_Exercise objective_.
Could you retype every line below exactly, omitting the images?

++++ Data section

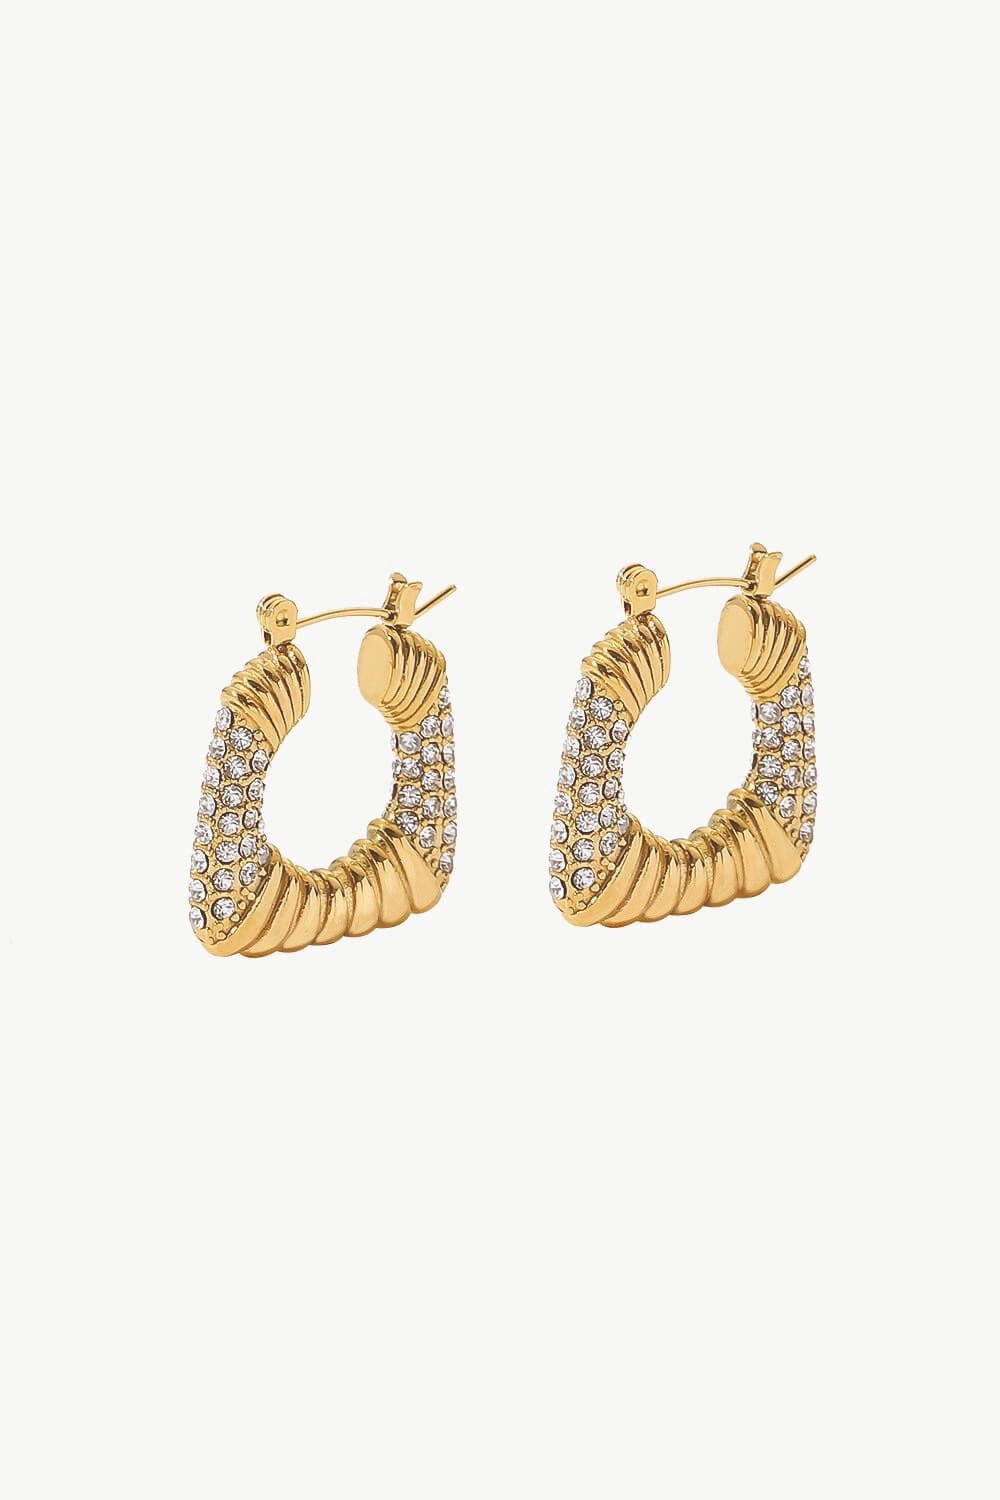 18K Gold Plated Inlaid Cubic Zirconia Earrings - Uylee's Boutique
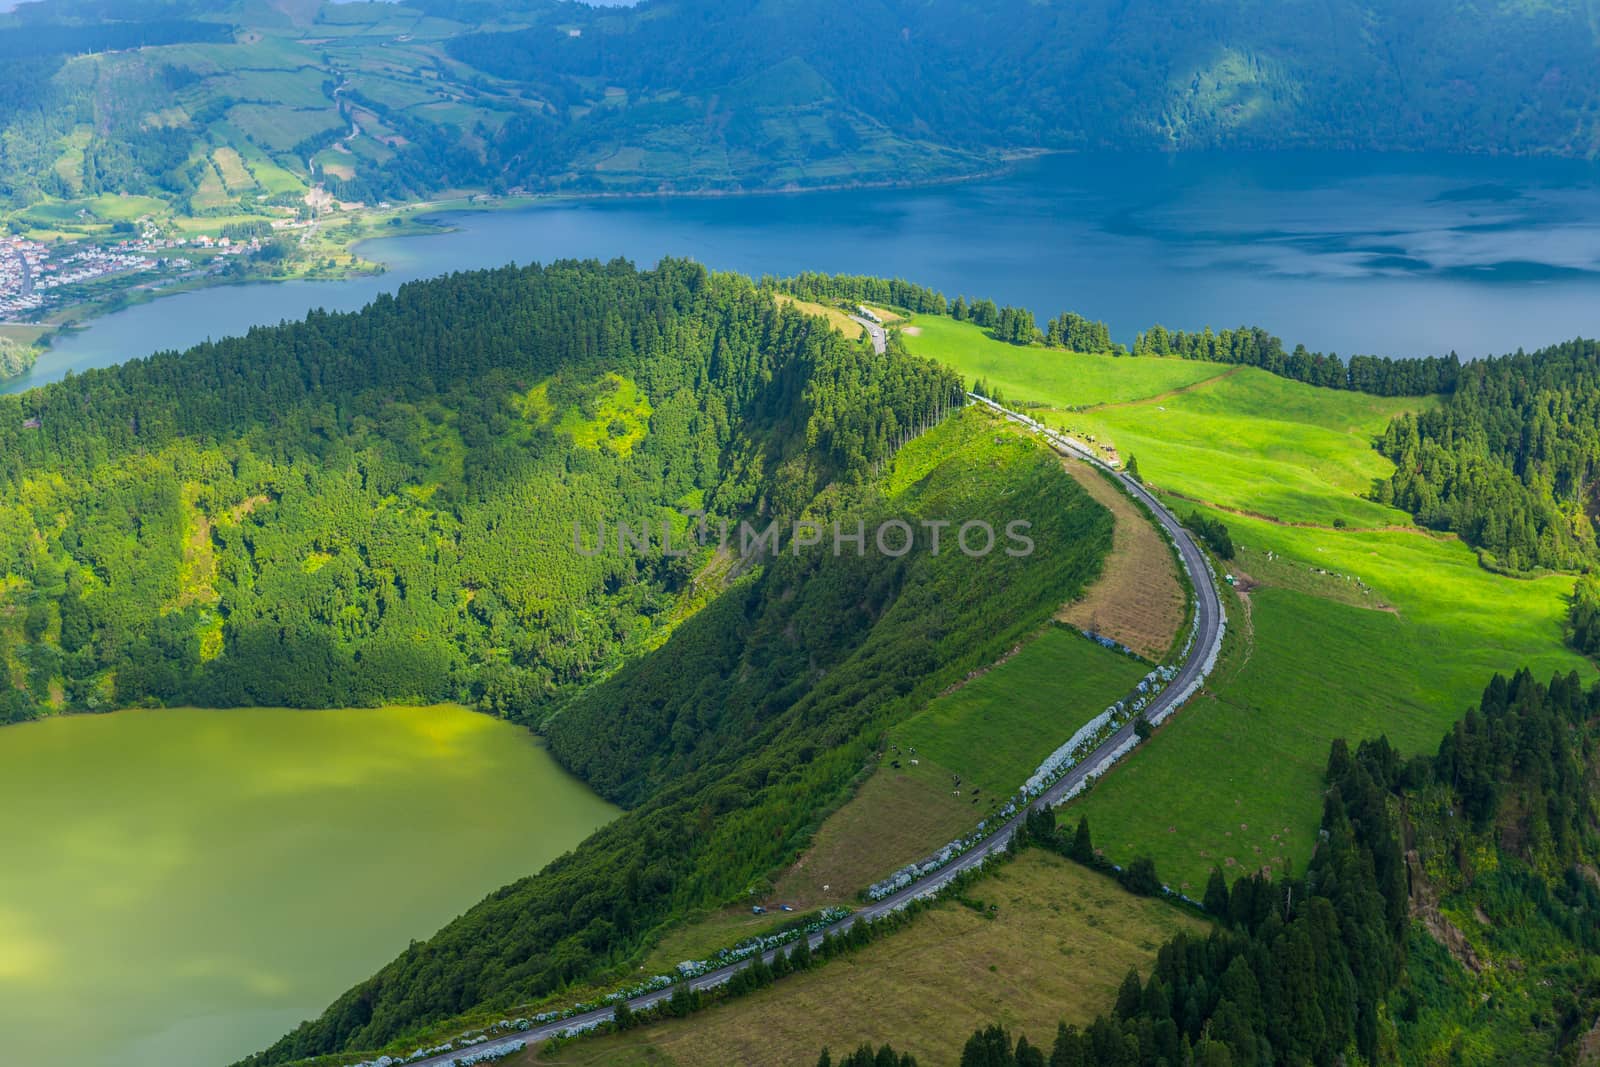 Sete Cidades from above by zittto
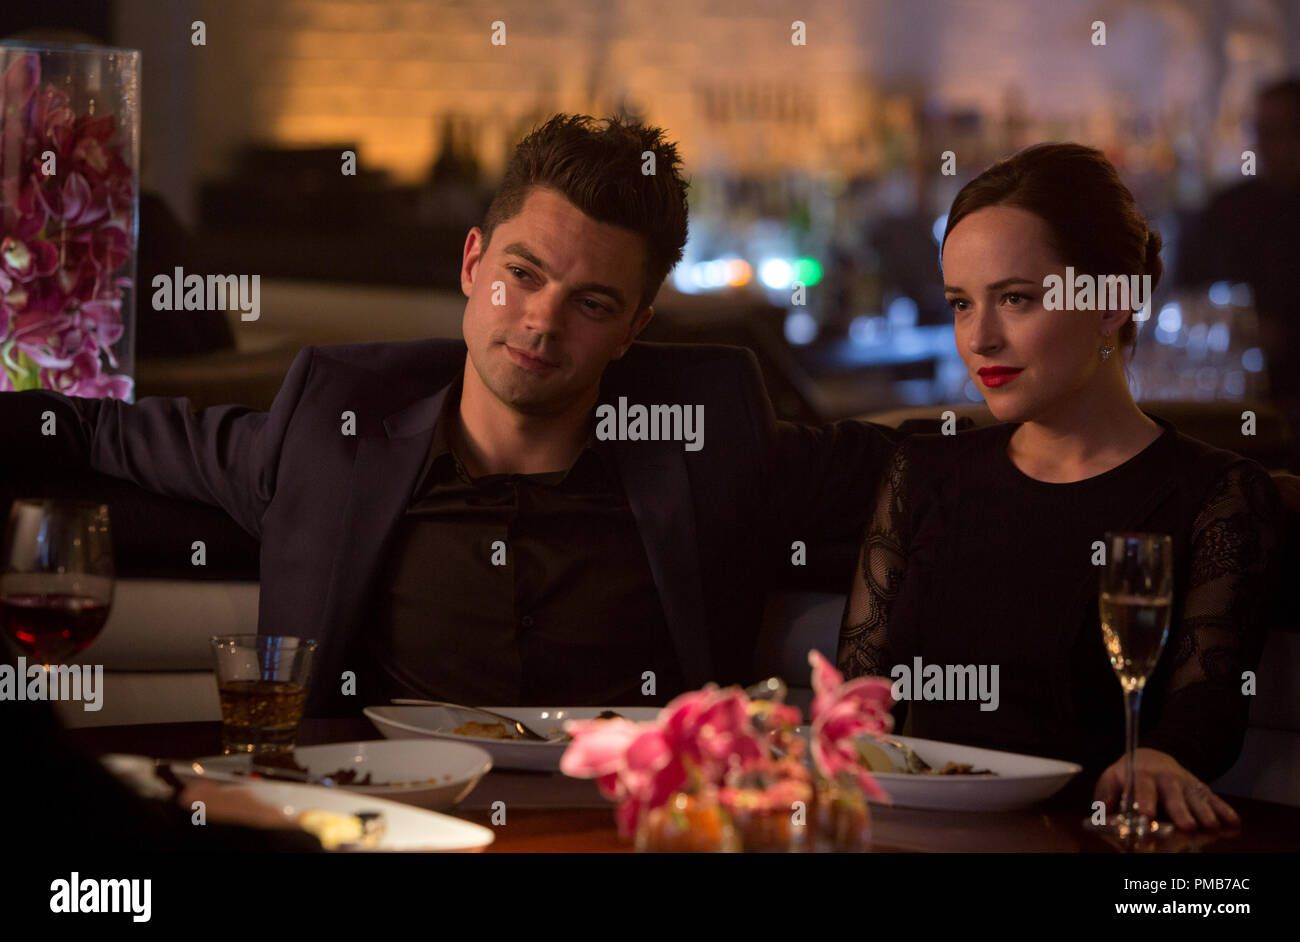 Dominic Cooper as Dino Brewster and Dakota Johnson as Anita co-star in  DreamWorks Pictures' "Need

++++++++

_Output_.
 18K Gold Plated Inlaid Cubic Zirconia Earrings - Uylee's Boutique
 Sete Cidades from above by zittto
 Dominic Cooper as Dino Brewster and Dakota Johnson as Anita co-star in  DreamWorks Pictures' "Need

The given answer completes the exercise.